Use a condition to block and wake worker threads. Think carefully about which mutex should be used to protect it.
Declare variables that you don't want the compiler to optimize using the volatile keyword.
It's ok for the master thread to busy-wait; however, the workers should not!
Compile with -O0 to debug, then switch to -O2 after you're sure the basics are working.
Create several test input files and a script to automatically run (and time) all of them.
Try removing the call to "sleep" in the update function to compress the work times and check for race conditions.
Don't over-engineer! My reference solution adds fewer than 200 total lines.

Grading Criteria

Your submission will be graded on a combination of correctness, functionality, elegance, style, and documentation. Here is a tentative grading rubric:

Grade	Description	Requirements
A	Exceptional	Consistently optimal running times. Correct results on all test cases at all optimization levels. Correct use of all Pthread constructs. Lack of any potential data races. Lack of busy-waiting in worker threads. Error checking for all Pthreads function calls. Clean code with fully consistent style. Insightful documentation. All of the below.
B	Good	Speedup with multiple worker threads. Terminates on all test cases at all optimization levels. Correct implementation of a task queue. Correct use of multiple Pthread synchronization mechanisms. Consistent and reasonable style. No memory leaks. Useful and consistent documentation. All of the below.
C	Satisfactory	Compiles without needing modifications on the cluster with `--std=c99`. Correct results with a single worker thread. Correct use of at least one Pthread synchronization mechanism. Readable style. Minimal amount of documentation. All of the below.
D	Deficient	Some evidence of a good-faith attempt.
F	Unacceptable

Submission

You should copy sum.c into a new file called par_sum.c and modify it to implement the master/worker system described above. Your modified program should accept TWO command-line parameters instead of one: 1) the input filename and 2) the number of worker threads. Your program must compile on the cluster using the following Makefile:

default: sum par_sum

sum: sum.c
	gcc -g -O2 --std=c99 -Wall -o sum sum.c

par_sum: par_sum.c
	gcc -g -O2 --std=c99 -Wall -o par_sum par_sum.c -lpthread

clean:
	rm -f sum par_sum

You should submit your modified program as par_sum.c on Canvas by the due date. You should not submit your Makefile or anything else.

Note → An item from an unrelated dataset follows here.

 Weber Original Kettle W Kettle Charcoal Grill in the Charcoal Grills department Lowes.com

All submitted code should be elegant, clean, consistent, and well-documented. The code I have provided uses 4-space indentation and the 1TBS style. If you choose to reformat the file to match your own style preferences, make sure you apply the changes throughout. See the coding standards for suggested style guidelines.

Peer Reviews

One of the goals of this course is to encourage good software development practices, especially when building a parallel or distributed software system. For this project, you will be assigned two other random students in the course. You must review their code and offer constructive feedback according to the given rubric.

After the submission deadline, I will assign you two other submissions to review on Canvas. I expect you to review two distinct submissions that are not your own; I will do my best to ensure that the assignments work out but sometimes Canvas does not cooperate. It is your responsibility to inform me immediately if you have been assigned yourself, your partner, or two other same-team partners to review.

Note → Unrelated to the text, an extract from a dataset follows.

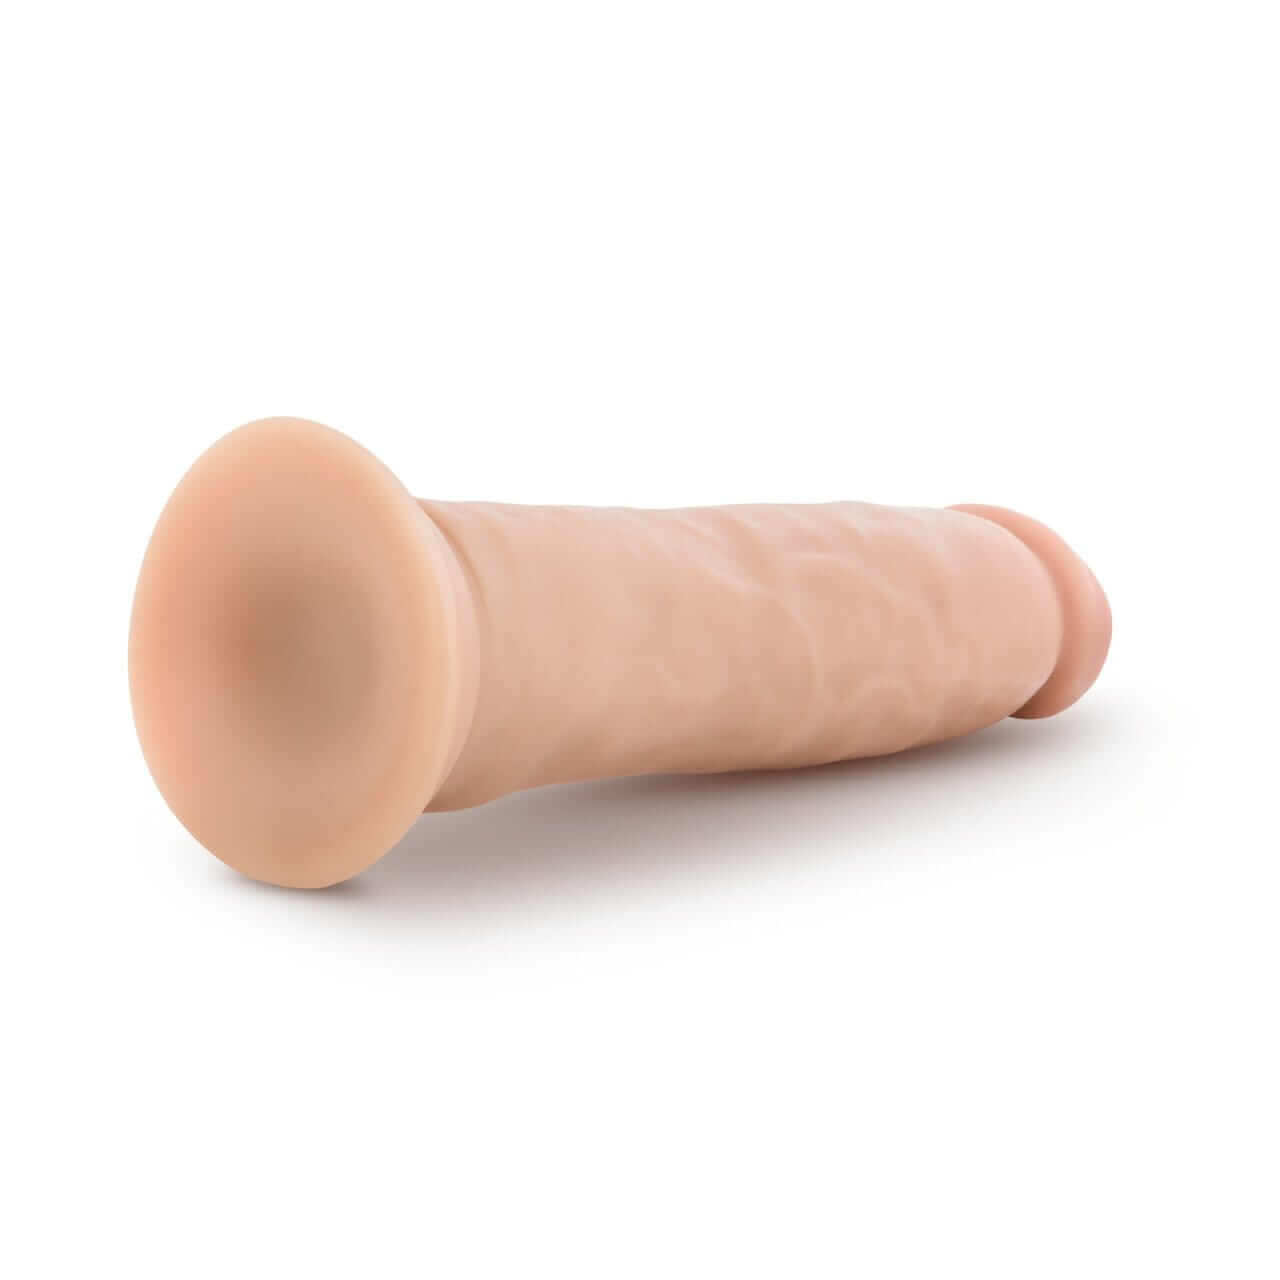 Dr. Skin 9.5 Inch Cock - Vanilla - Thorn & Feather Sex Toy Canada

To complete the peer review, submit a Canvas comment on the submission with your assessment of the submission according to the provided code review guidelines. I expect at least two paragraphs per review with detailed observations and an assigned overall numeric score. You will be graded on the quality, thoroughness, and professional tone of your review. The peer reviews are due one week after the original project due date.